One of the most impactful benefits of filing Chapter 7 that you’ll see immediately is the cessation of creditor calls, as they are prohibited, once bankruptcy has been filed. Bankruptcy law protects exempt assets such as your home, car, pension, and retirement, but property such as bank accounts, stocks, a second car, or a second home are considered nonexempt, and may be seized and sold in order to pay creditors any balances owed.
Chapter 13 Bankruptcy
Chapter 13 is considered a reorganization bankruptcy, which is designed for those that have more disposable income each month. If you don’t meet the income requirements for Chapter 7, you can move to a Chapter 13 filing which allows for the repayment of debt (full or partial) through a repayment program that is generally 3 to 5 years in length.

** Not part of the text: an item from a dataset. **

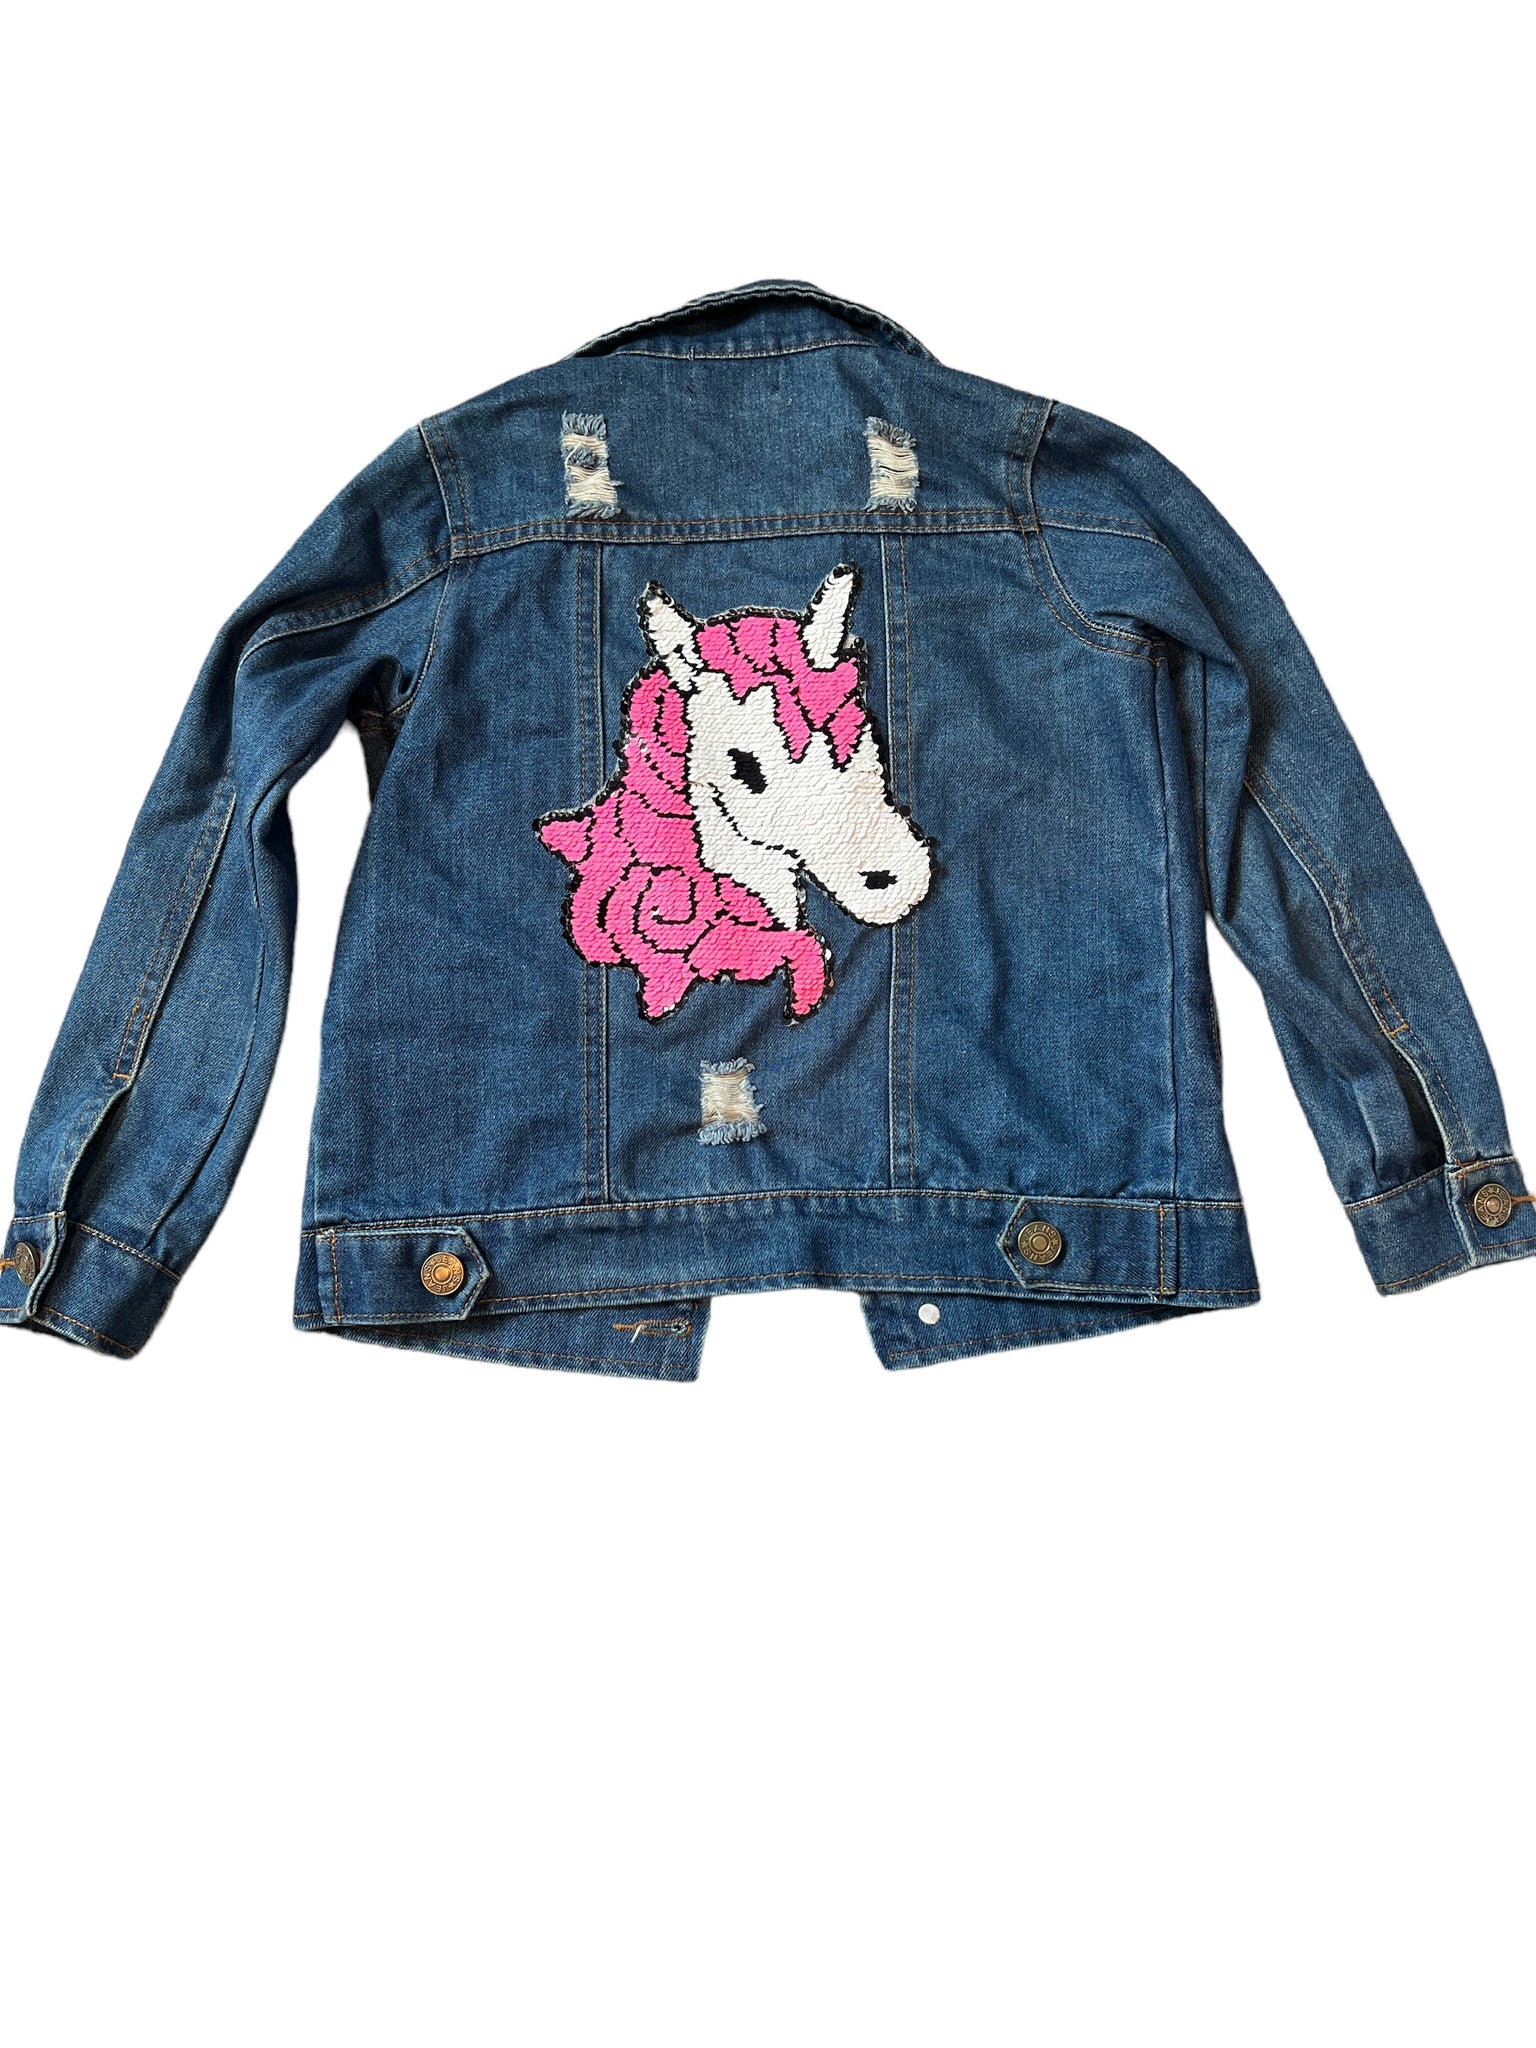 Wippette Toddler Girls' Unicorn Polka Dot Winter Jacket Coat - Walmart.com

One of the major differences between Chapter 7 bankruptcy and Chapter 13 bankruptcy is that you can keep any and all assets in a Chapter 13 bankruptcy. Another major difference is that in a Chapter 13 bankruptcy, you can catch up on any missed mortgage payments, where in Chapter 7, you cannot.
If considering filing bankruptcy, it’s important to be aware what debt bankruptcy does not cancel. This includes:
- Federal and state taxes owed
- Federal student loans
- Alimony and child support
- Any debt incurred after bankruptcy has been filed
Along with Chapter 7 and Chapter 13, there are other forms of bankruptcy, including Chapter 11, which is a reorganization bankruptcy typically used by commercial entities that wish to continue operation while reorganizing outstanding debt. Chapter 12 bankruptcy is available to family farmers that is similar in scope to Chapter 13, allowing farmers to continue to operate while paying back debt over a period of 3-5 years, provided that the farmer has a regular annual income. There is also a Chapter 9 bankruptcy, which applies only to cities, towns, villages, and counties, with a structure similar to Chapter 11.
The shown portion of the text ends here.